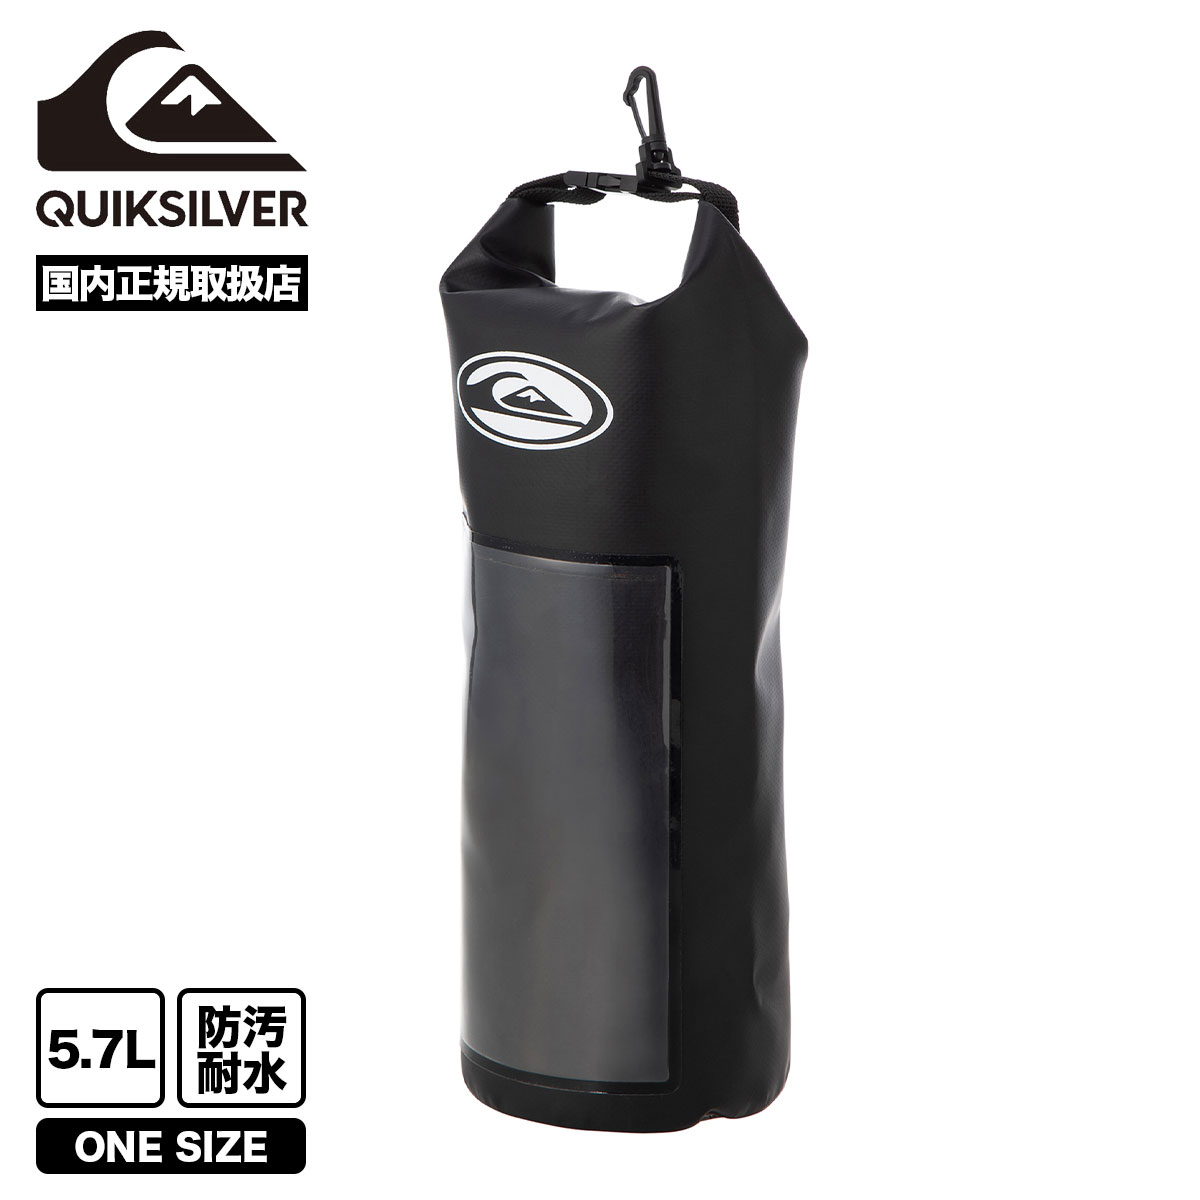 Quicksilver正規品販売店、ジャックオーシャンスポーツ
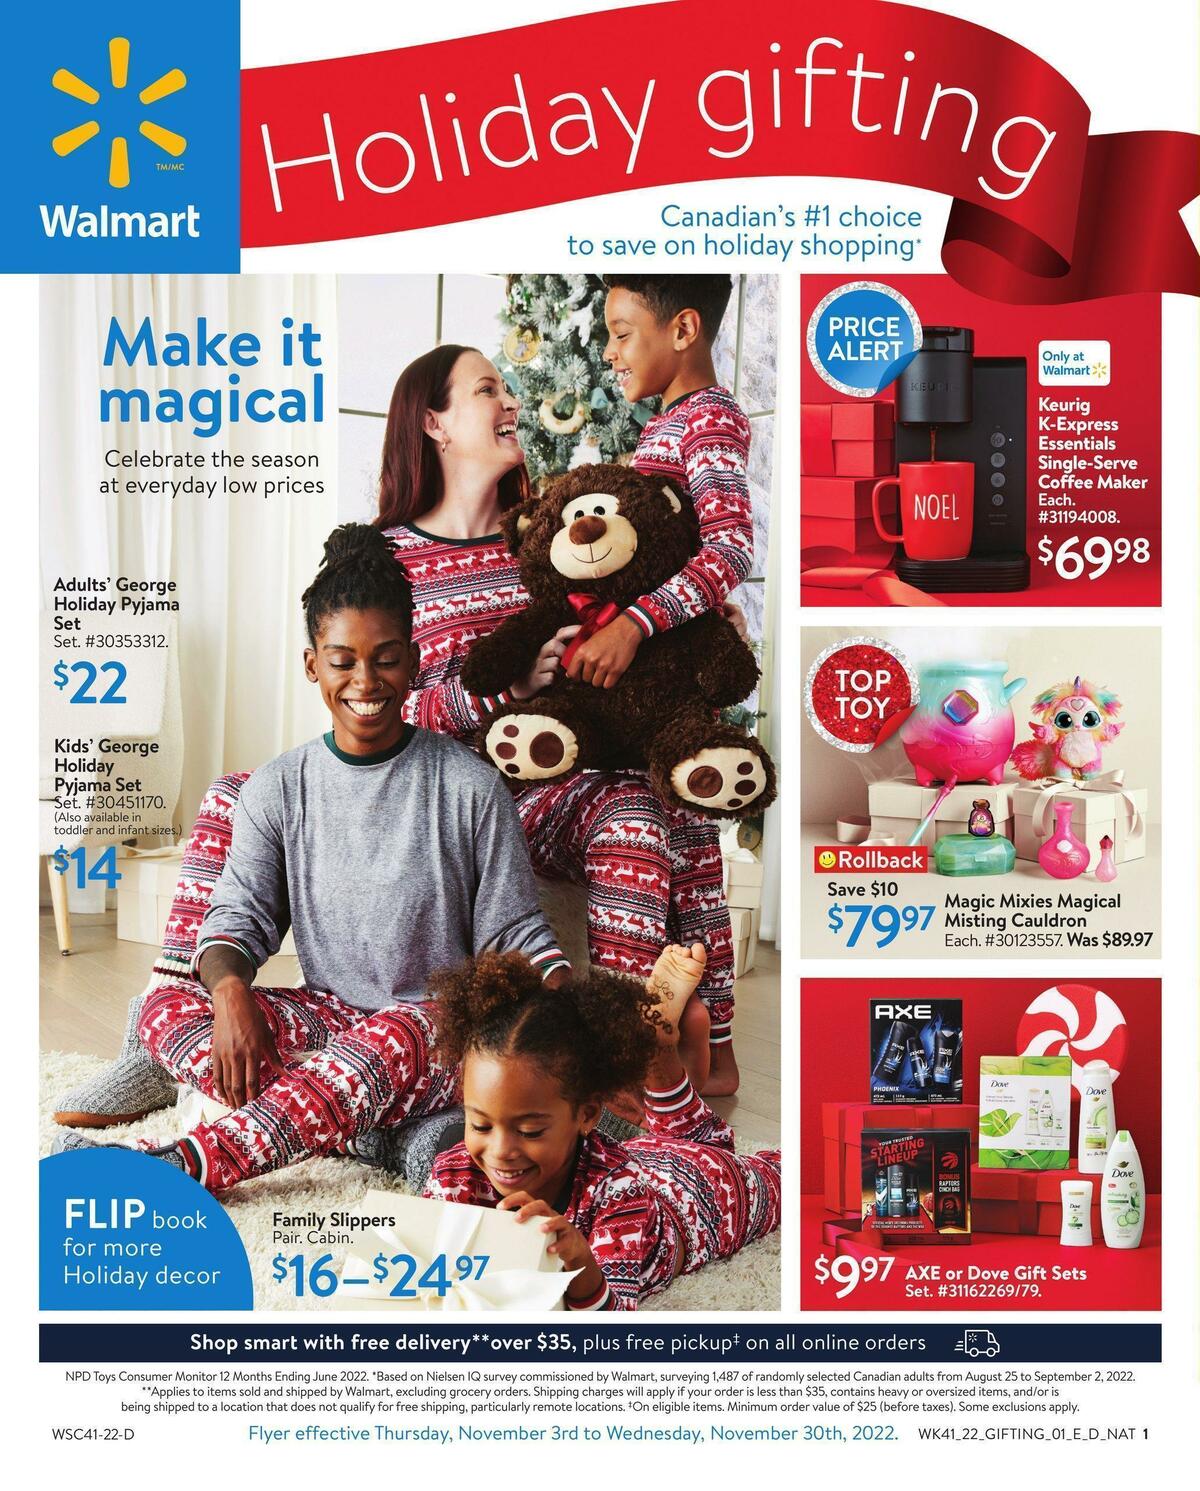 Walmart Holiday Gifting Flyer from November 3
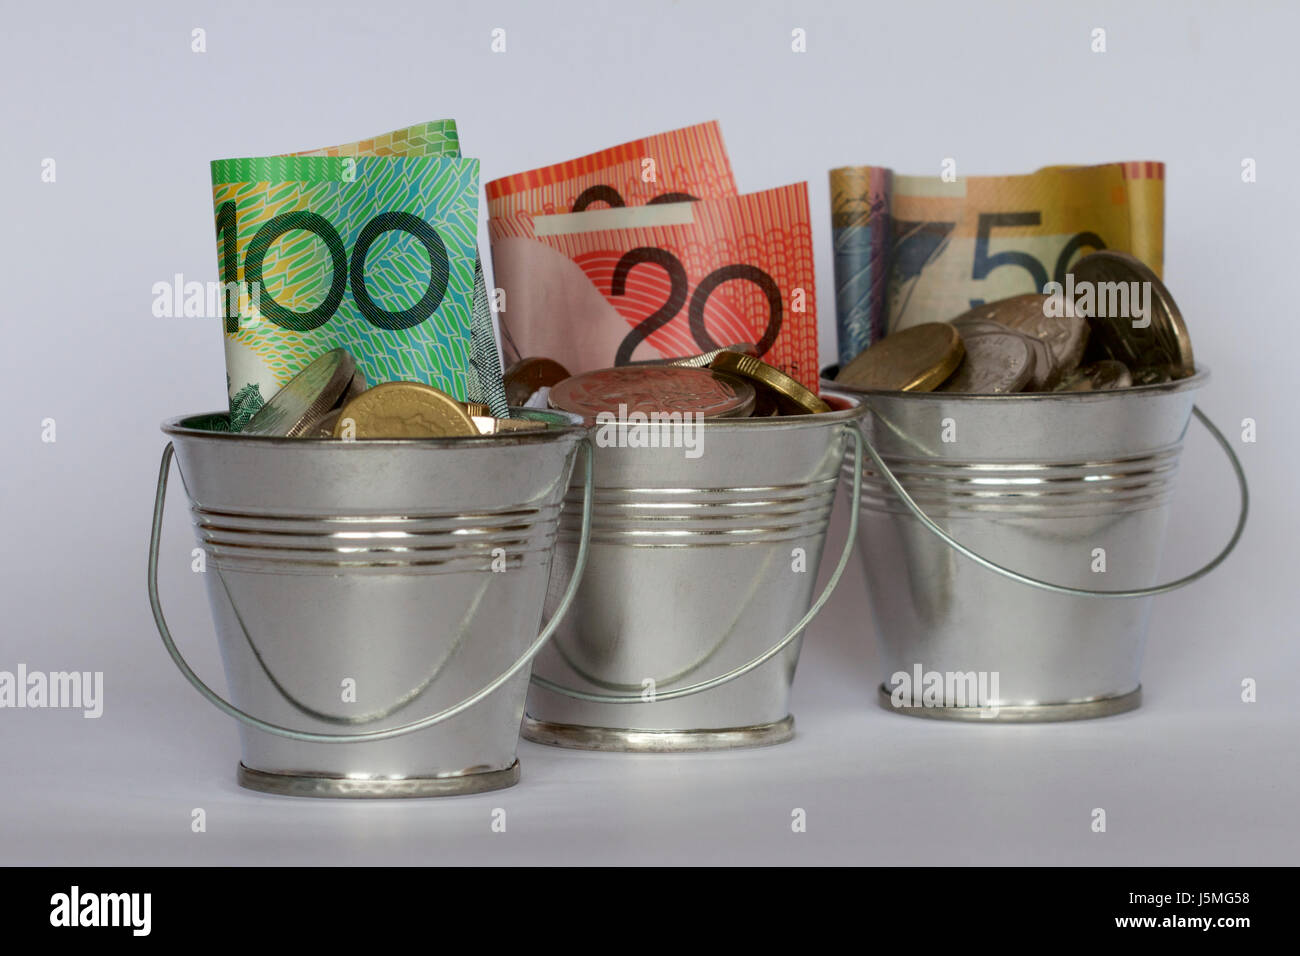 Australian dollars and coins in three buckets. Stock Photo
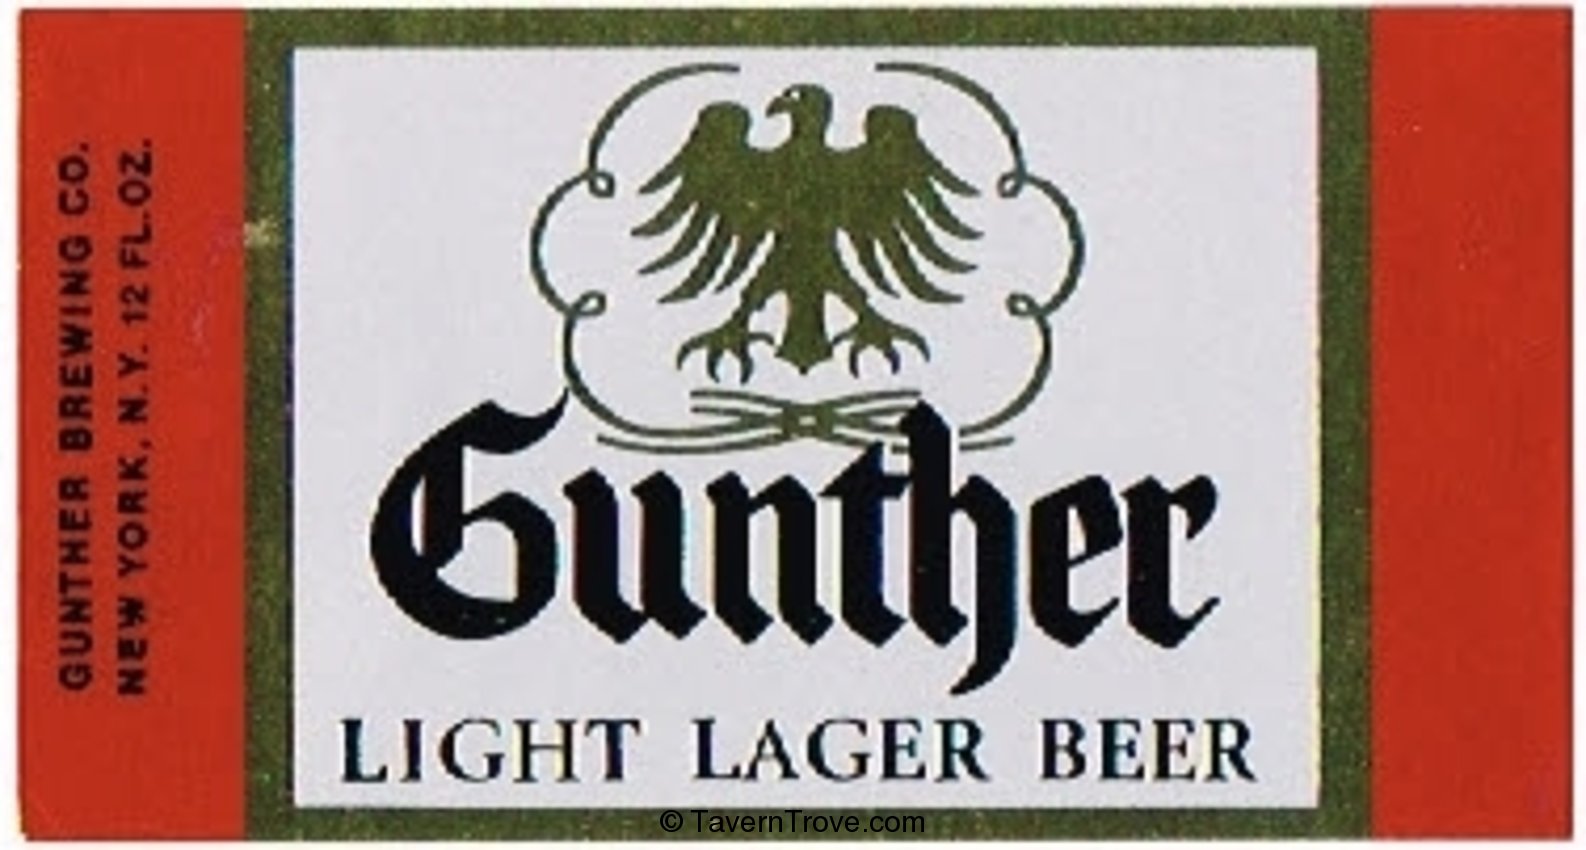 Gunther Light Lager Beer
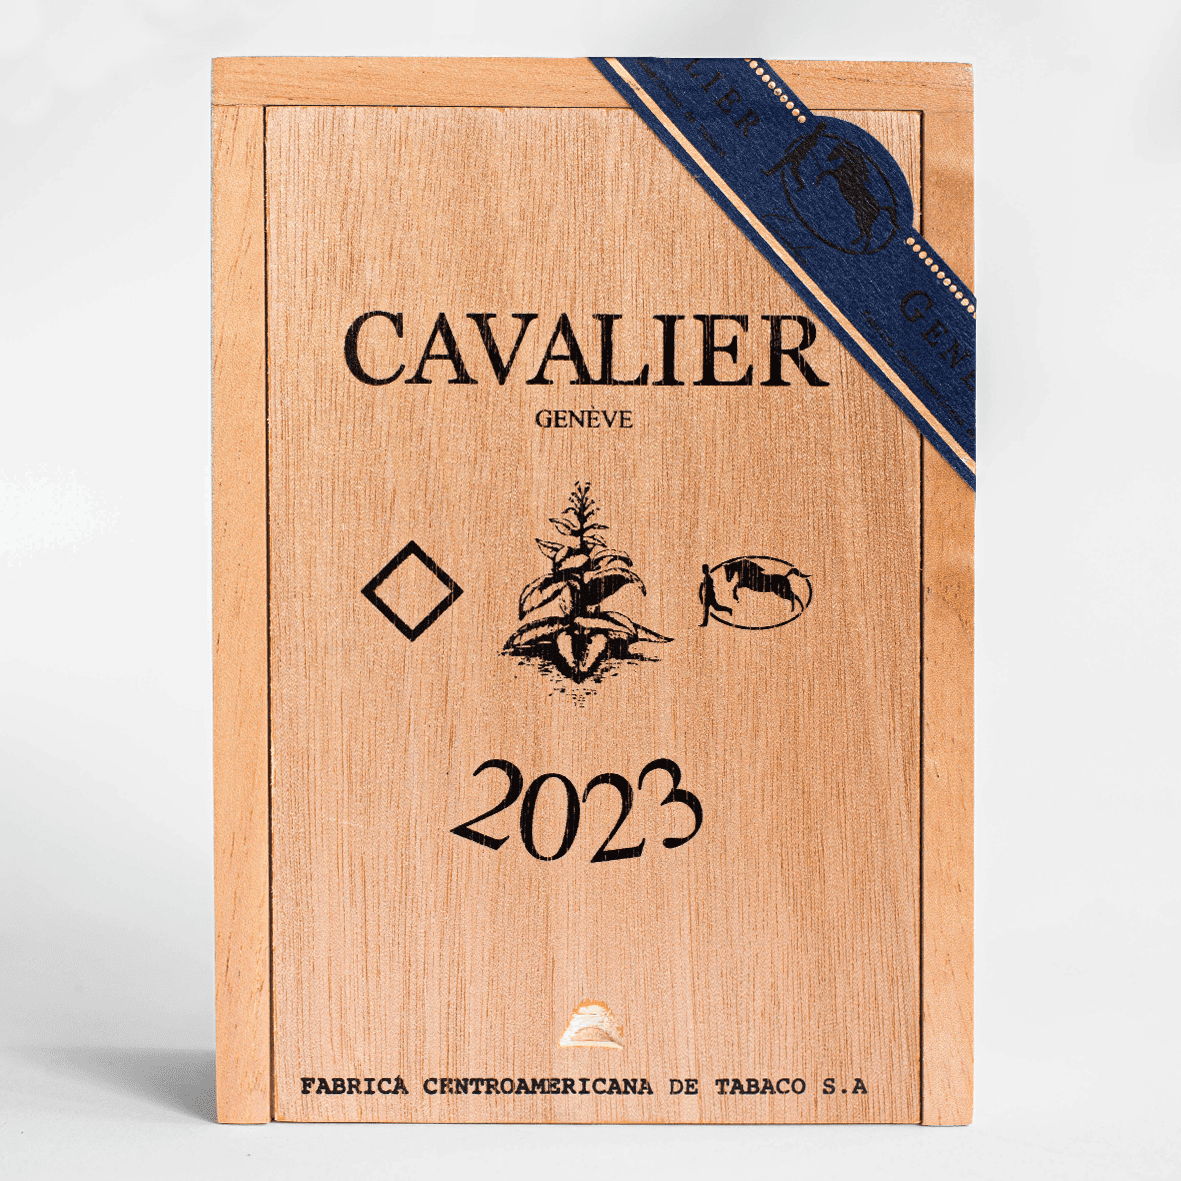 Cavalier LE2023 Toro bx10

=-=-=

Could you restate all of the data above word for word and skip every picture?

■ Output for this exercise:
 Quicksilver正規品販売店、ジャックオーシャンスポーツ
 Walmart Holiday Gifting Flyer from November 3
 Australian dollars and coins in three buckets. Stock Photo
 Gunther Light Lager Beer
 Cavalier LE2023 Toro bx10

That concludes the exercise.